Именно то обстоятельство, что связь между прекрасными формами придворного любовного идеала и реальностью помолвки и брака была столь незначительна, и приводило к тому, что элементы игры, светской беседы, литературной забавы во всем имевшем отношение к утонченной любовной жизни могли разворачиваться вполне беспрепятственно. Для идеала любви, прекрасного вымысла о верности, жертвенности не было места в трезвых материальных соображениях, касавшихся брака, в особенности брака аристократического. Этот идеал можно было переживать лишь в образах волшебной, одухотворенной игры. Турнир предлагал игру в романтическую любовь в ее героической форме.

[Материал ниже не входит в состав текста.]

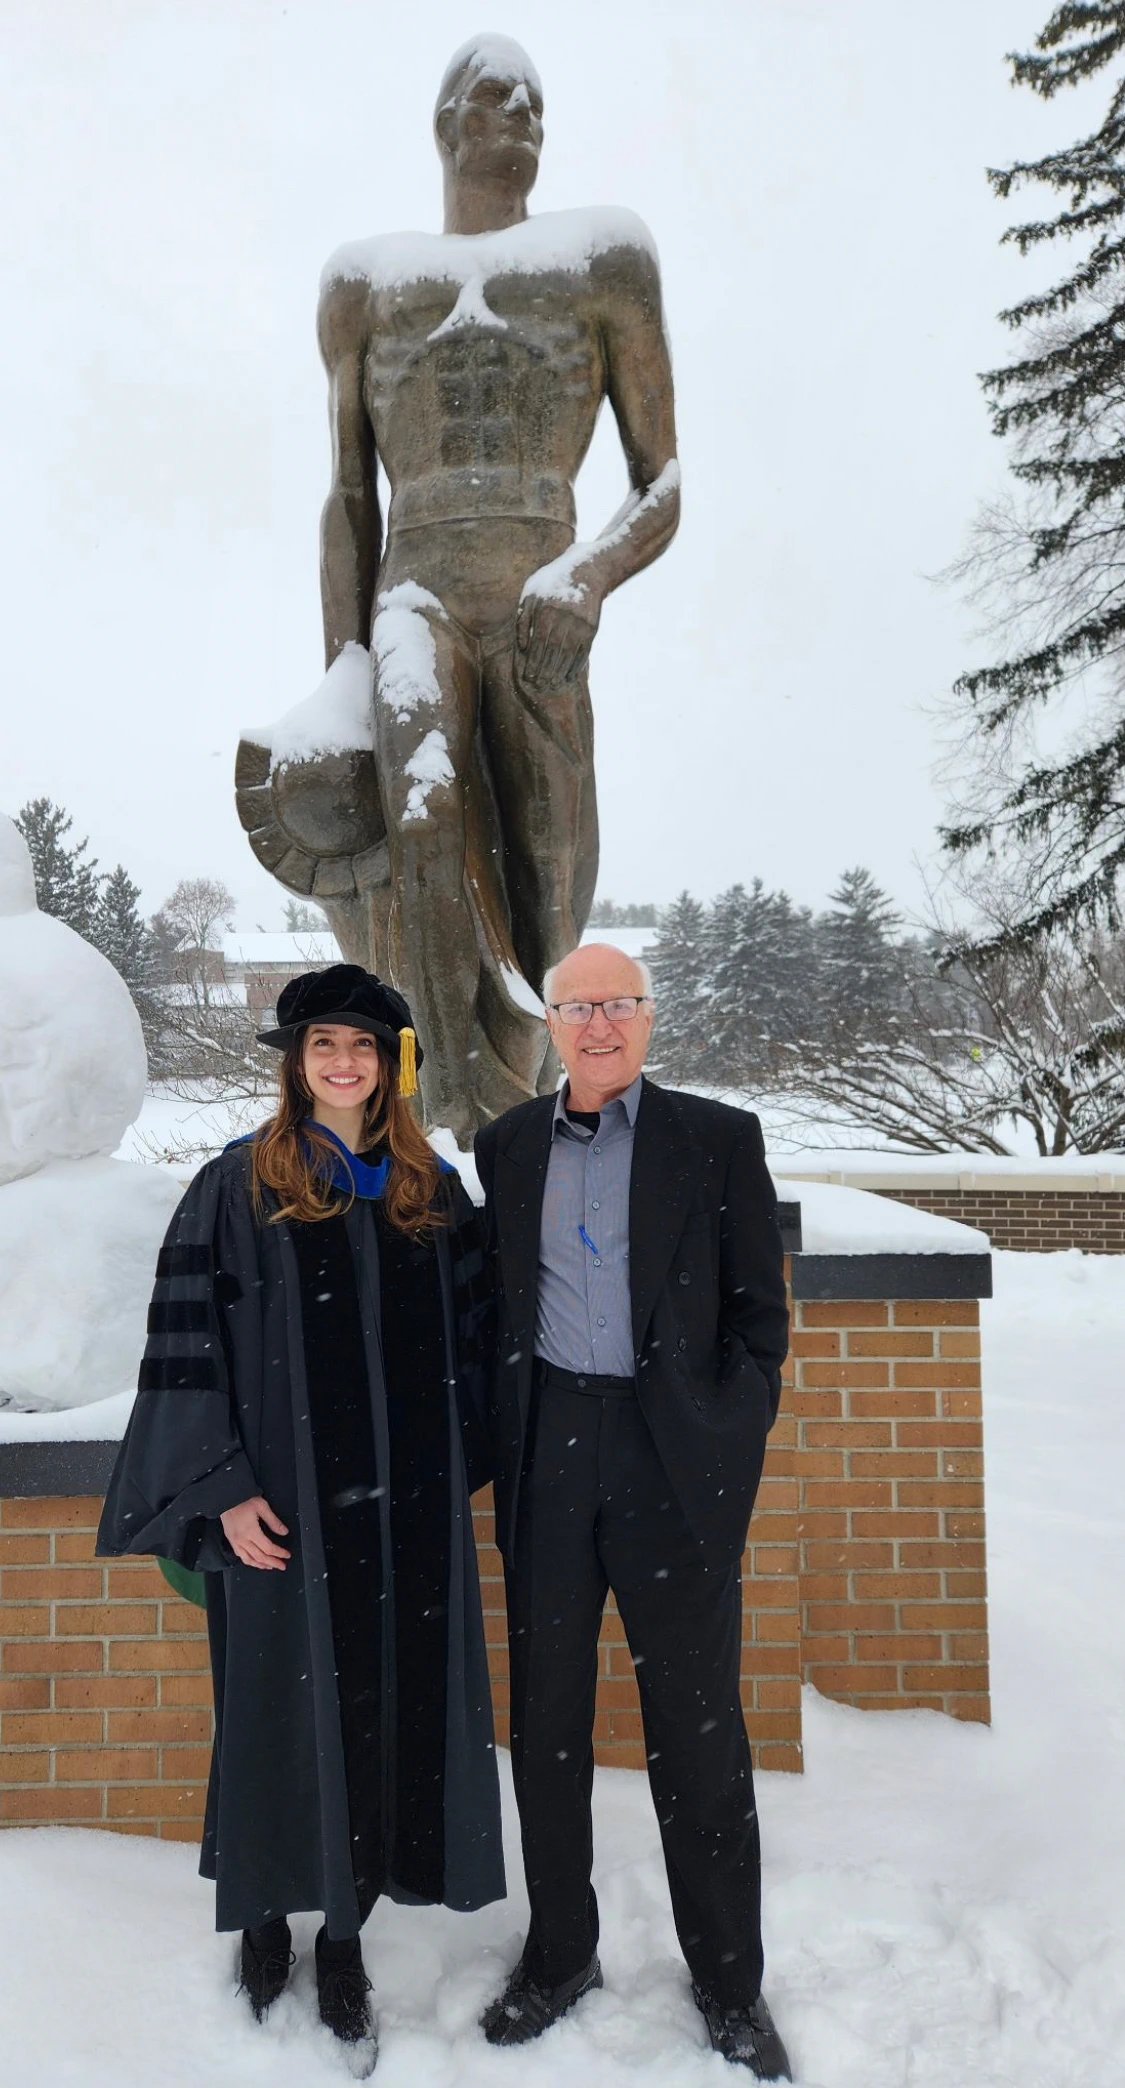 Yasi Zamani-Hank and her father, Bahram Zamani, in front of The Spartan Statue on Dec. 24. Photograph by Jeffrey Hank. 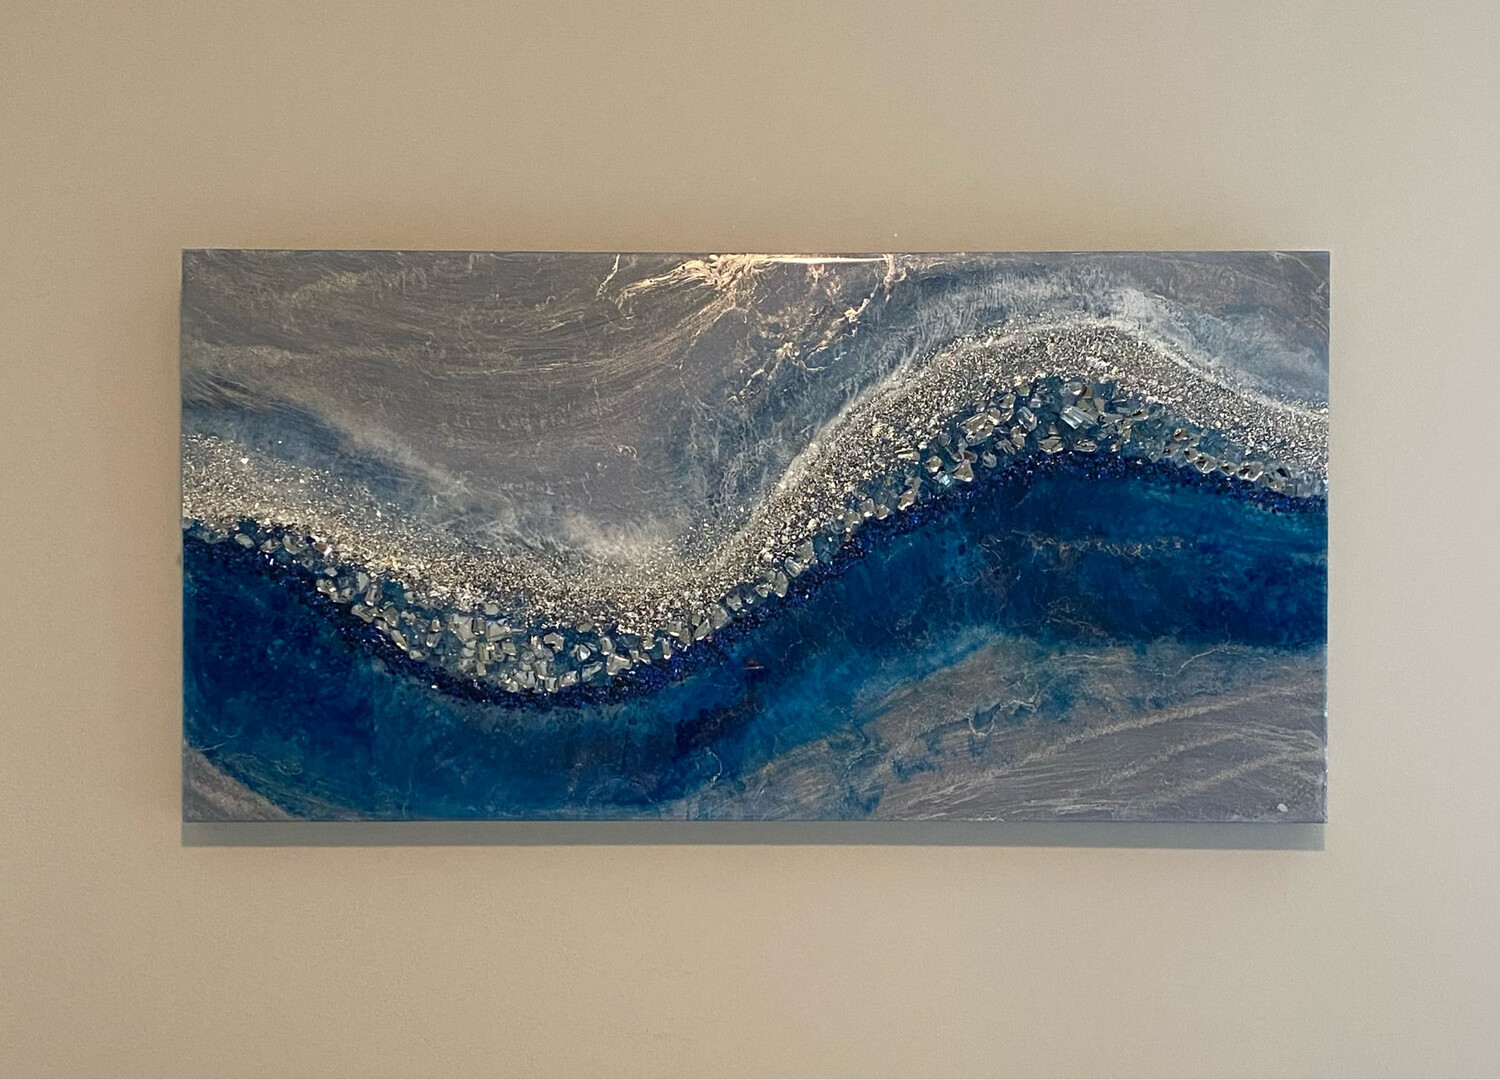 Mystique, 36”x24” Resin & Crushed Glass

Пастораль облекала любовь в форму идиллии.
Глава 10
Идиллический образ жизни
Рыцарский подход к жизни был слишком перегружен идеалами красоты, доблести и полезности. Когда в таком подходе — как, скажем, у Коммина — проявлялось трезвое чувство реальности, то вся эта славная рыцарственность воспринималась как совершенно ненужный, надуманный, помпезный спектакль, как смехотворный анахронизм: истинные мотивы, побуждавшие к действию и определявшие судьбы государства и общества, лежали вне этого. При том что социальная необходимость рыцарского идеала чрезвычайно ослабла, с его претензией быть воплощением добродетелей, т.е. с этической стороной, дело обстояло и того хуже. В сравнении с истинно духовными устремлениями все это упоение благородством выглядело всего-навсего суетой и греховностью. Но даже и с чисто эстетической точки зрения этот идеал не удался: самое красоту форм рыцарской жизни открыто и со всех сторон отвергали. Если положение рыцаря иной раз еще могло казаться заманчивым бюргеру, то аристократия обнаруживала явную усталость и неудовлетворенность. Жизнь как прекрасный придворный спектакль была пестрой, фальшивой, кричащей. Прочь от этой томительной и напыщенной искусственности — к простой жизни и покойной надежности!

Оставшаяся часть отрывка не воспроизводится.